*Task prompt:* Where a picture shows up in the listing below, omit it and output the rest exactly.

*Given information:*

○ ○ ○ ○ ○

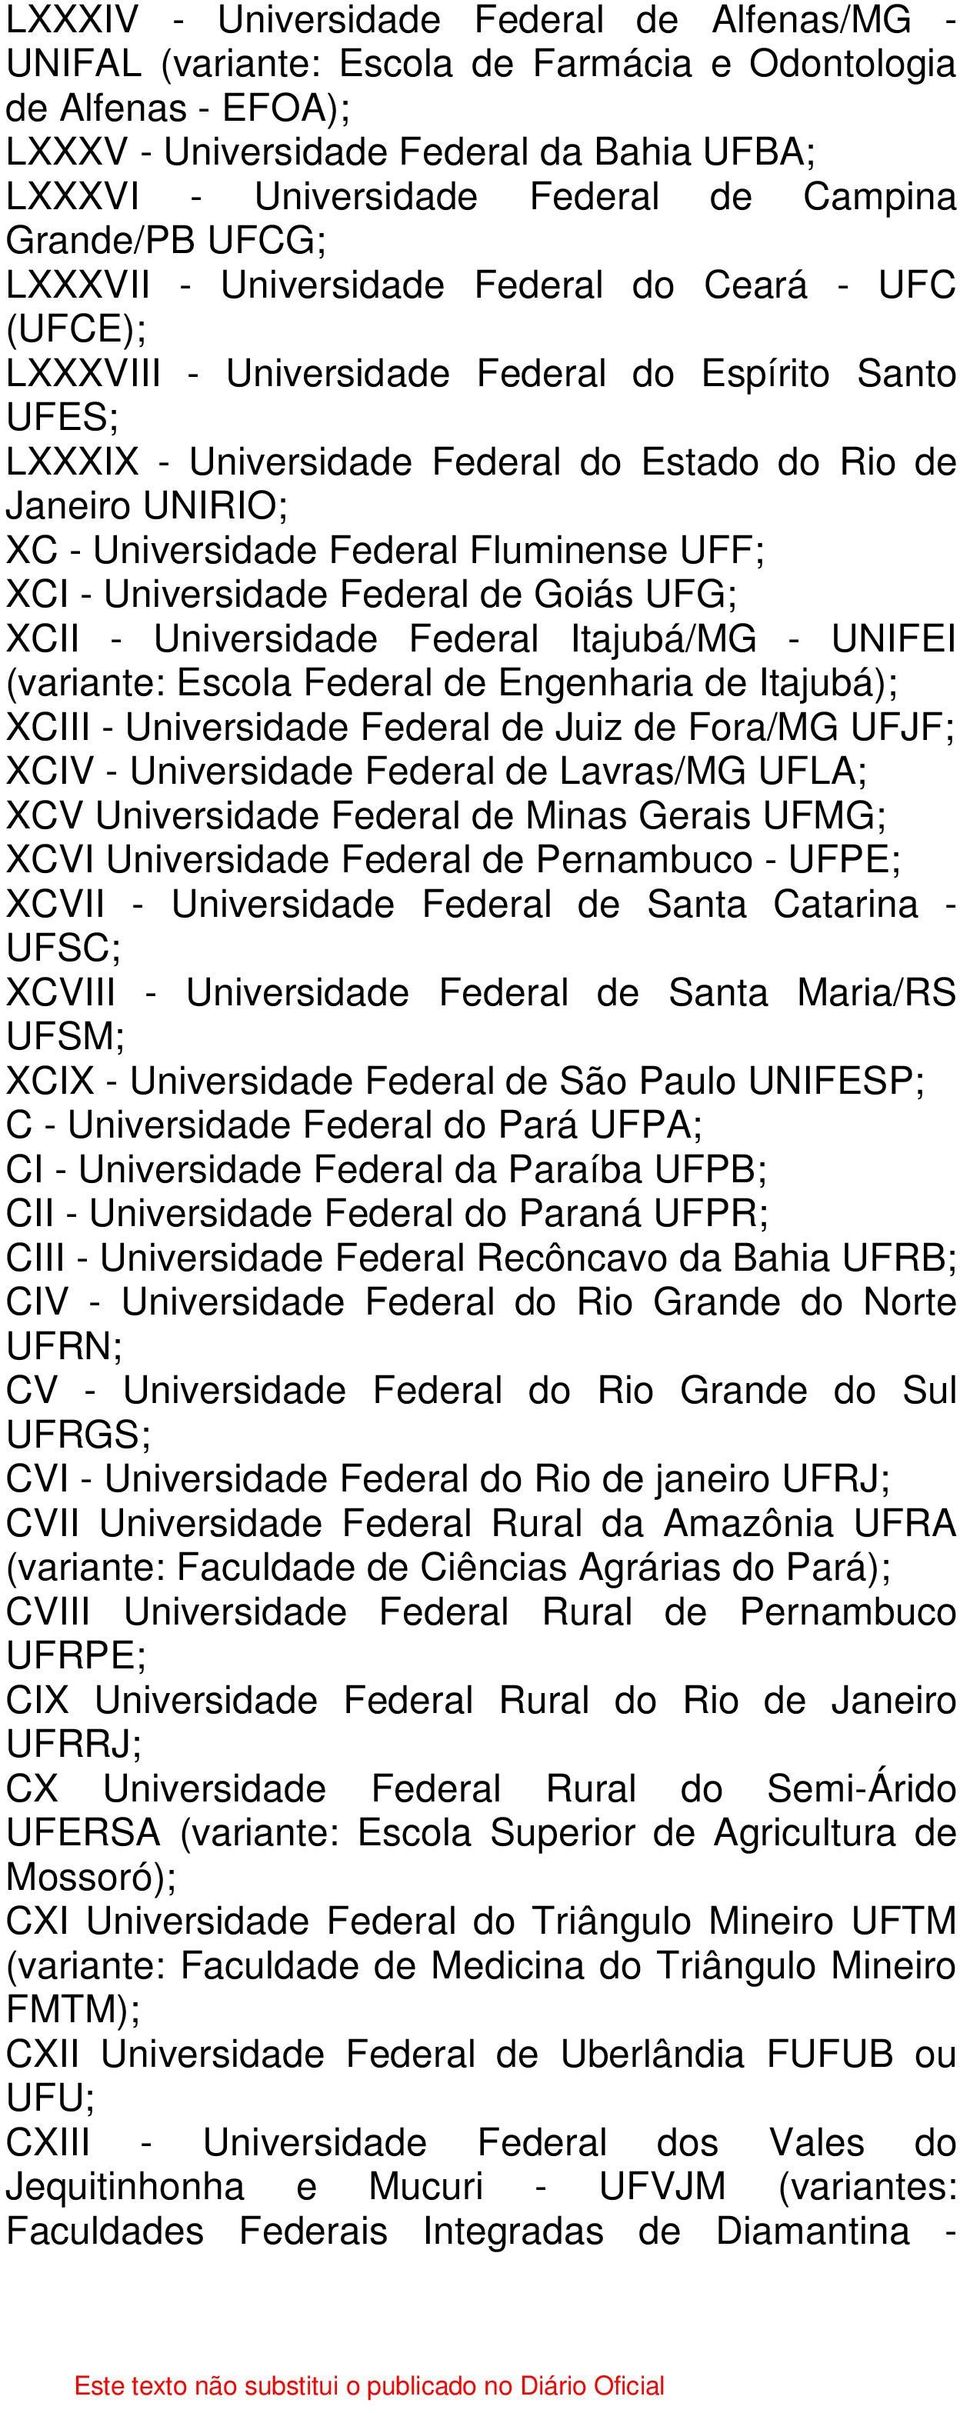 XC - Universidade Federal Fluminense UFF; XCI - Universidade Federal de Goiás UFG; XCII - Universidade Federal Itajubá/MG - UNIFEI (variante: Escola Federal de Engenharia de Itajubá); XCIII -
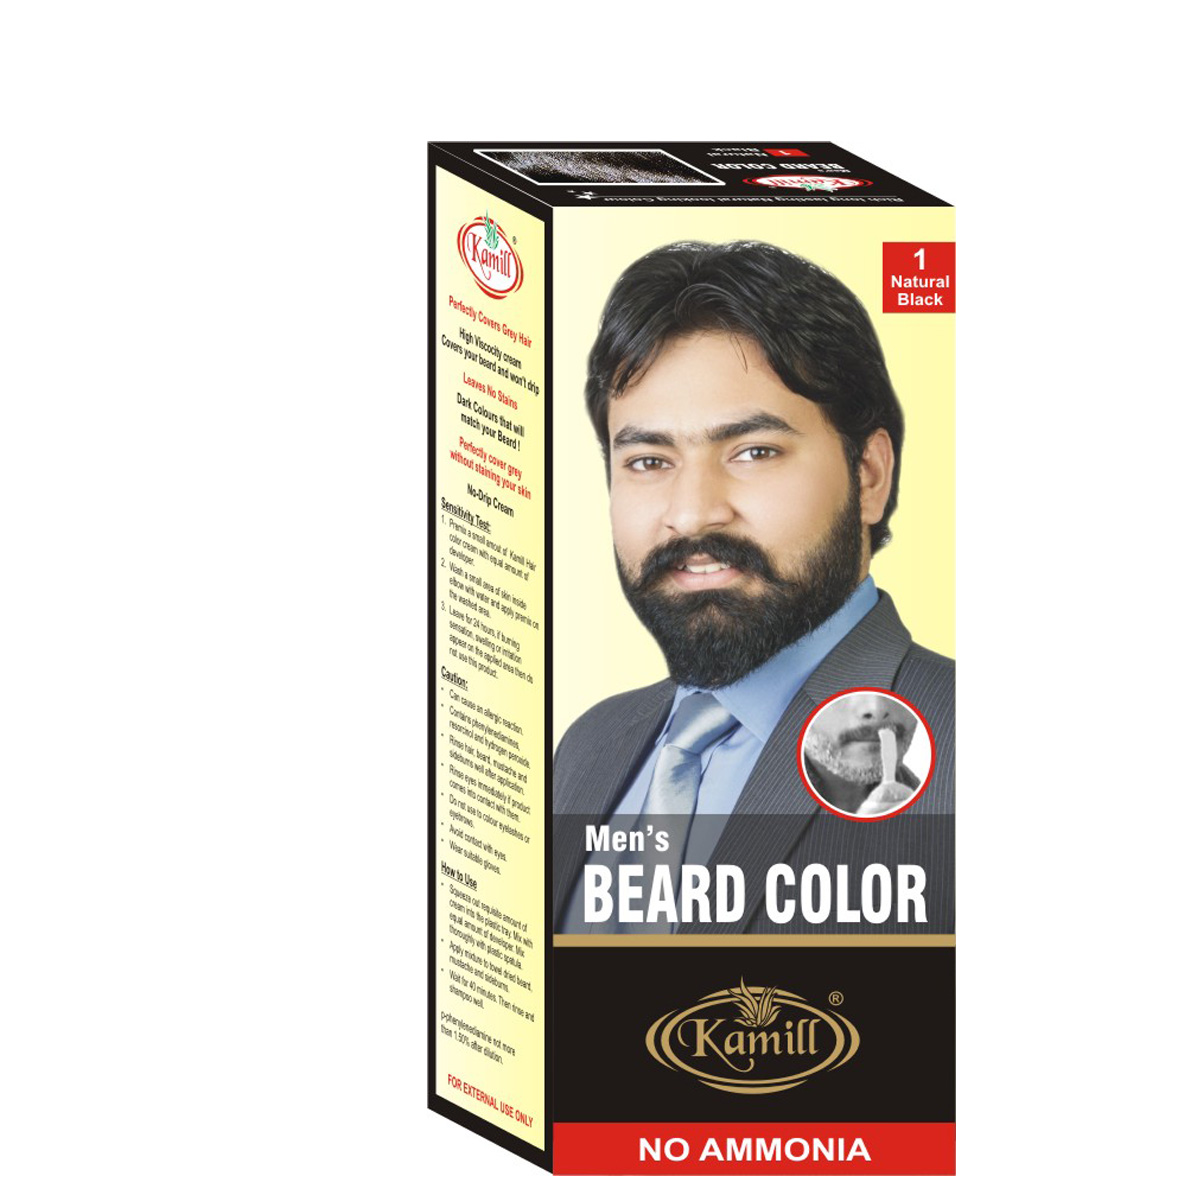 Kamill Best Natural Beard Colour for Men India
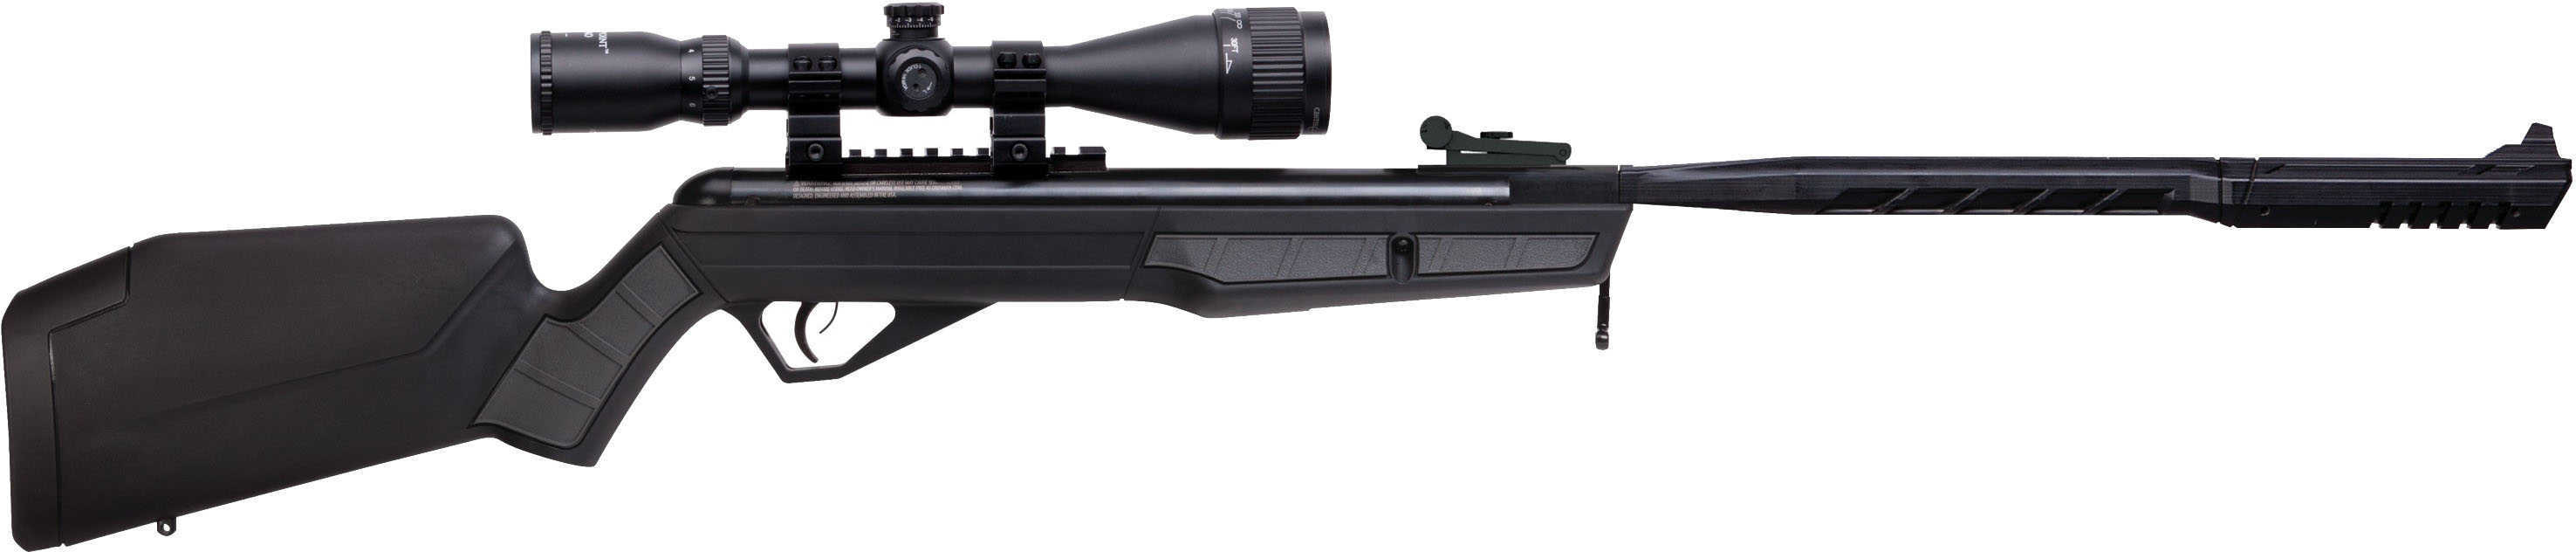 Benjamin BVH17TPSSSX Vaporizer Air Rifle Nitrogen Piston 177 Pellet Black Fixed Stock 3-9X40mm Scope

○ ○ ○ ○ ○

*Answer below:*
 XC - Universidade Federal Fluminense UFF; XCI - Universidade Federal de Goiás UFG; XCII - Universidade Federal Itajubá/MG - UNIFEI (variante: Escola Federal de Engenharia de Itajubá); XCIII -
 Kamill Best Natural Beard Colour for Men India
 Benjamin BVH17TPSSSX Vaporizer Air Rifle Nitrogen Piston 177 Pellet Black Fixed Stock 3-9X40mm Scope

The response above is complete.